Friday 17 March 2017

All Them Witches - Sleeping Through The War


"Ain't nobody gonna tell me howda run ma town"

All Them Witches are purveyors of desert rock, for want of a better term, but that's a way too limiting a description for this classic album that combines many strands to weave a dazzling day-glo fabric of mind warping rock'n'roll. Formed as recently as 2012, Sleeping Through The War is already the band's fourth album, they don't hang around. Despite looking incredibly young in their promotional photos, they are imbued with the wisdom of justified and ancient ur-rock, chanelling Blue Cheer, Hendrix, The Stooges, right through to Nirvana and Queens Of The Stone Age.

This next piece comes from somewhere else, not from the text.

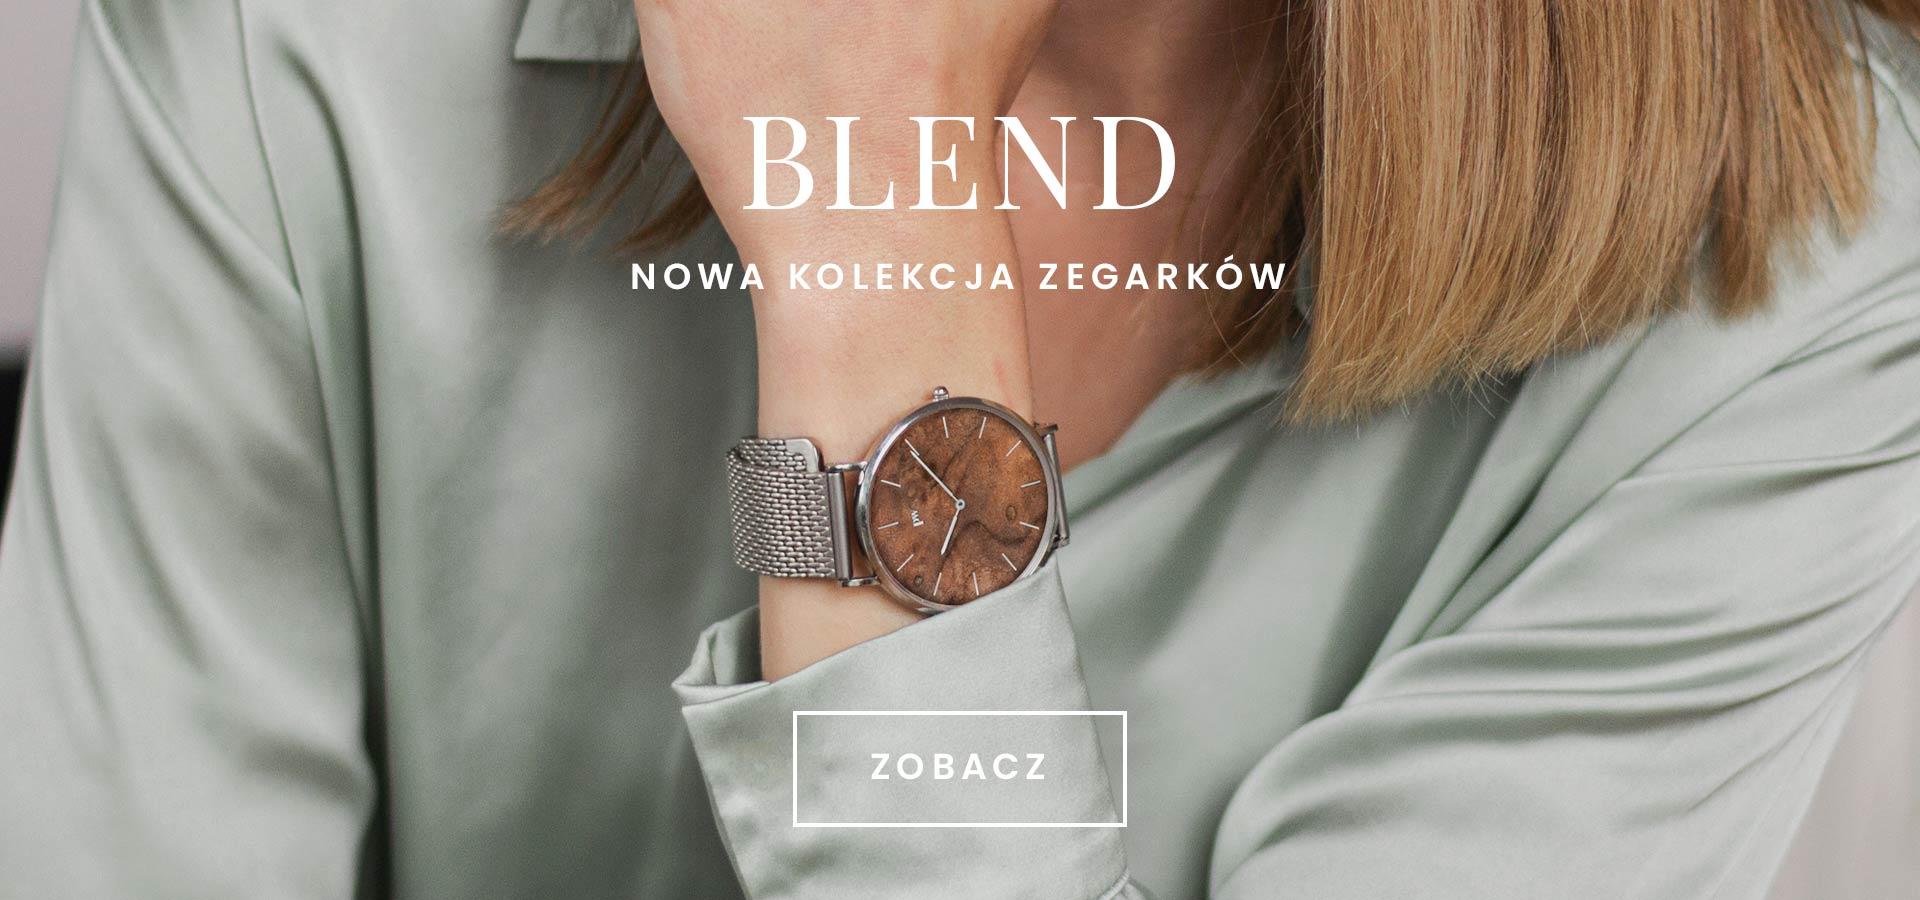 SG_kolekcja_blend_1920x900

They were a name unknown to me until a few weeks ago when one of those rambling online music-related conversations I've been having of late with my American mate and fellow scribbler Shawn Dudley, a man who likes his rock to be heavy and righteous, mentioned this band. Connections were made and Shawn has now penned a review of the Nashville stoners' latest waxing Sleeping Through The War for The Progressive Aspect that probably tells you all you need to know, and his glorious phrase "ferociously stoned" is entirely appropriate when applied to this mantle-deep rock of an album. That I am now writing this on my blog as an "Addendum (Immaculately Wasted)"  should indicate how highly I rate this beguiling record, shot through as it is with a deep mystery of the kind that could only be conjured up in that vast cauldron of hope, fear, expectation, and unbridled ambition that is America. This is a stoner romance spread over a eight tracks seemingly arranged for vinyl, with the fast punchy stuff up front and the stretched out smokin' music sprawled across "side two". That will be why I bought it on that most aesthetically pleasing of formats, then.

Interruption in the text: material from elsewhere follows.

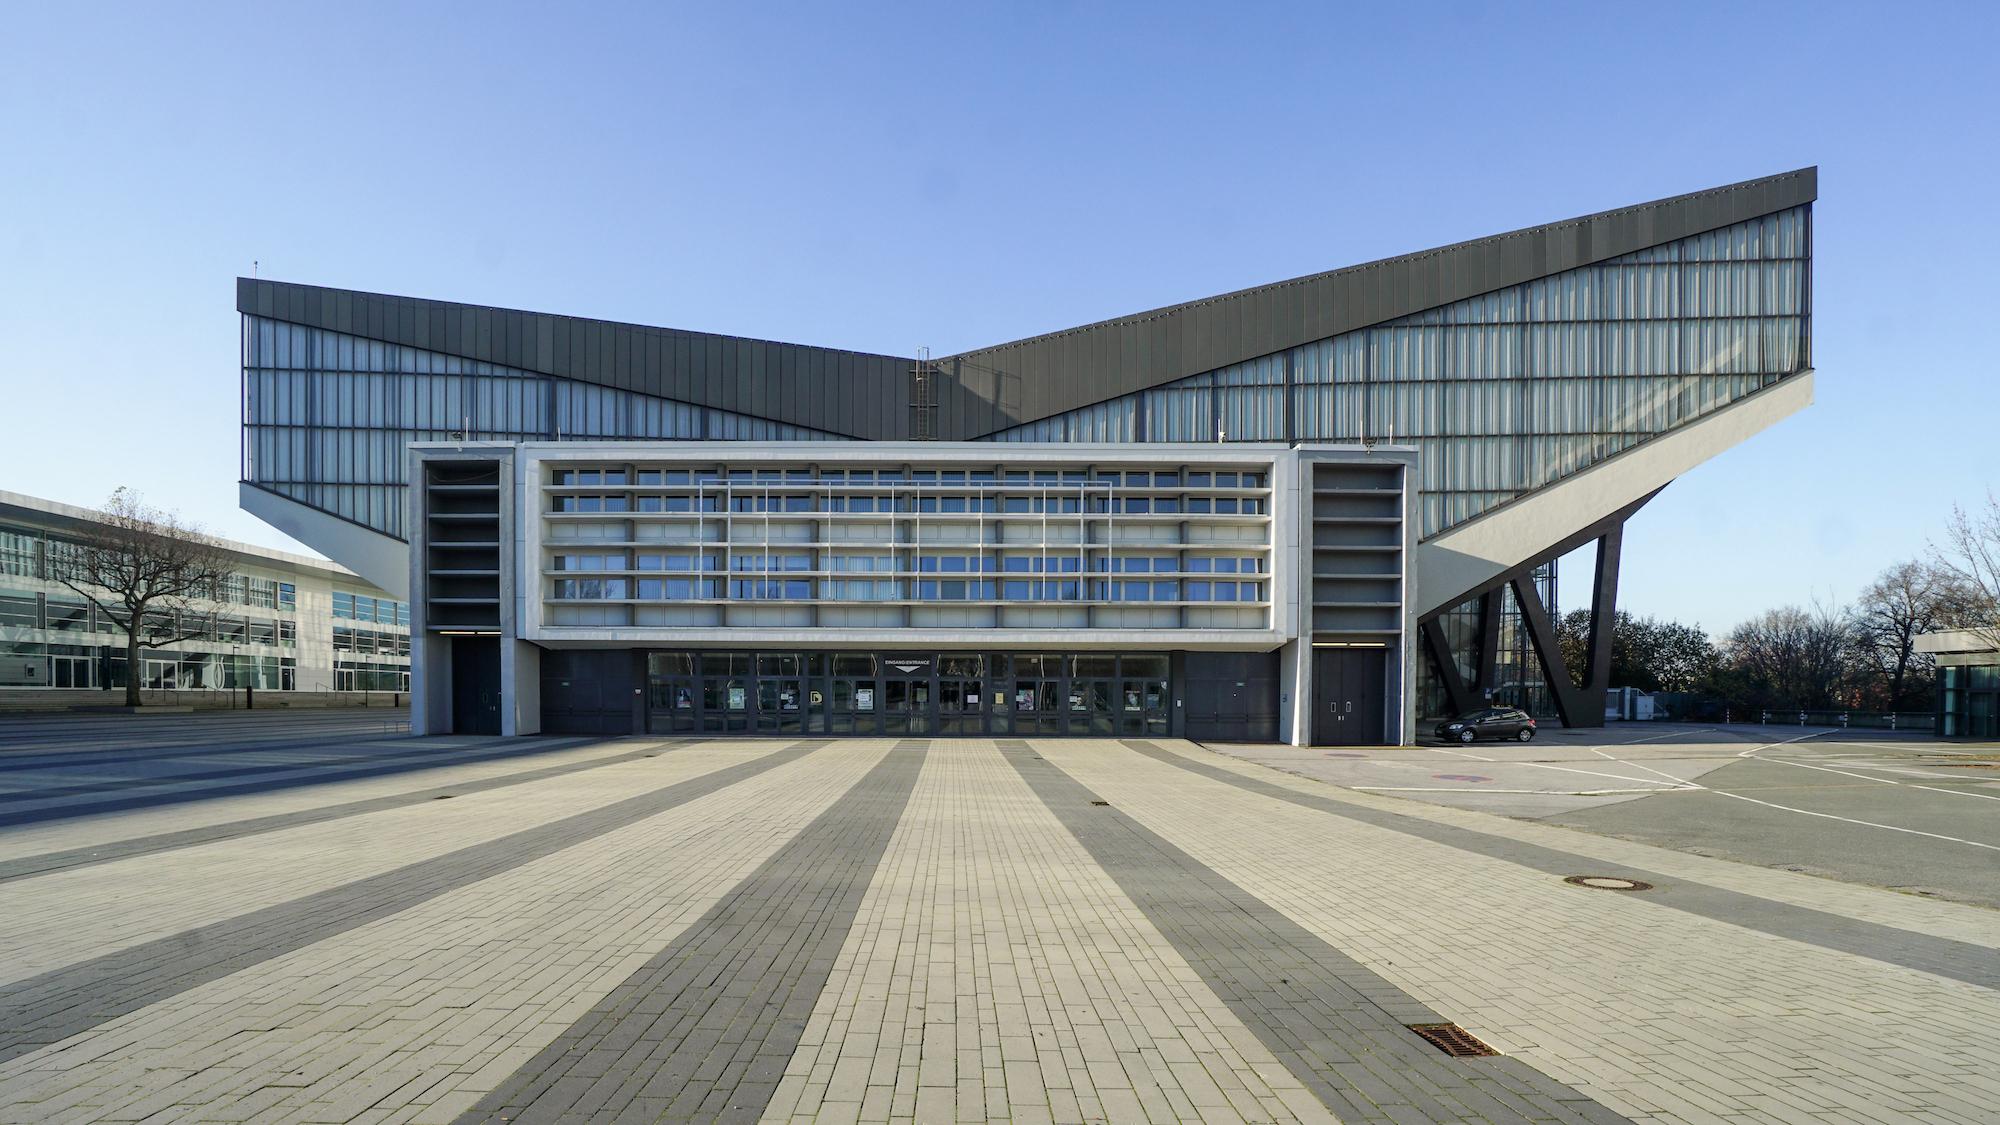 frontale Ansicht der Grugahalle in Essen-Rüttenscheid

As much as anything has the time to be chez moi these days, Sleeping Through The War has slowly risen to heavy rotation status. It was not an instant album, it is possessed of a slow, heavy groove courtesy of maverick country producer Dave Cobb that takes time to get in deep, but once in there, it ain't shifting. This is the romance of big skies and far horizons, the mystery of native magick, dust devils swirling in its wake. I wanted a tag line for this review, and that line from the furiously louche Don't Bring Me Coffee I used, drawled somewhere between stoned and threatening, fits like a glove.

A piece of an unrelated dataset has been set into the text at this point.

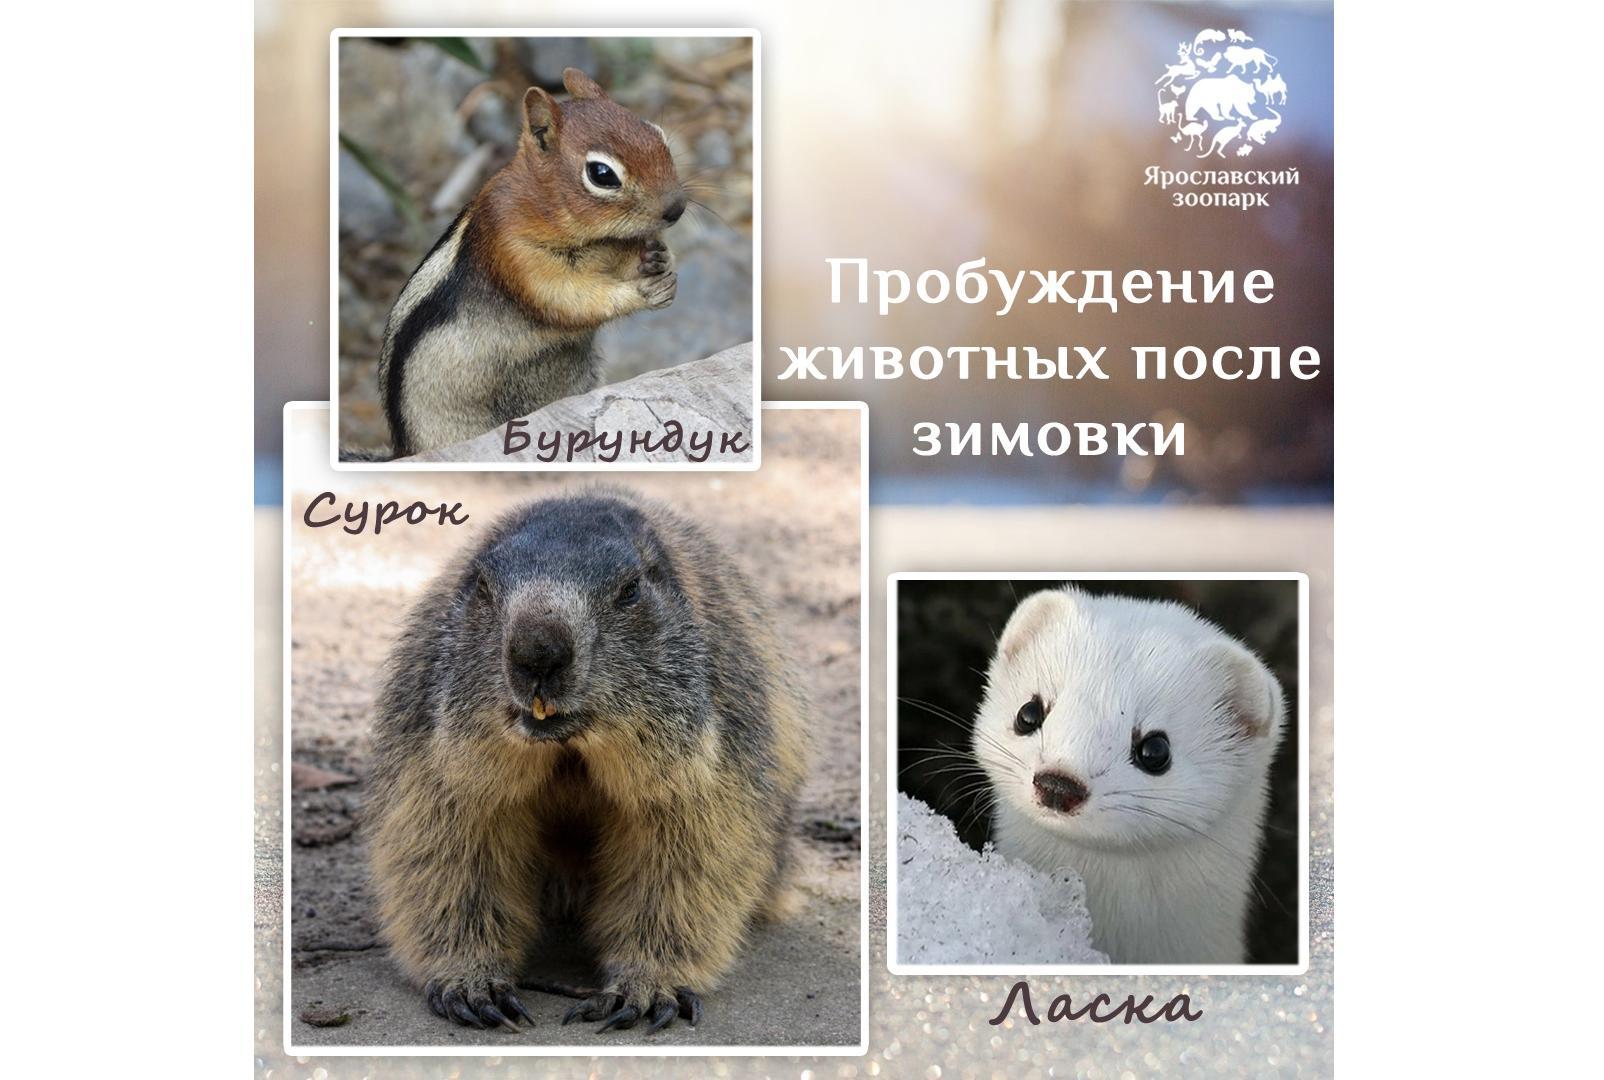 Сурок, бурундук и ласка стали предвестниками весны в Ярославском зоопарке

A dreamy lull into false security is offered by the beginning of opening track Bulls, but when that lysergic sludge-riff kicks in, dragged all the way up from a time-buried Stoogian hell, you will be jumping around the room like a rhino taking ballet lessons. That the track later morphs into some kinda Krautrock freakout ending, like Damo had been fronting Nirvana seems somehow completely logical.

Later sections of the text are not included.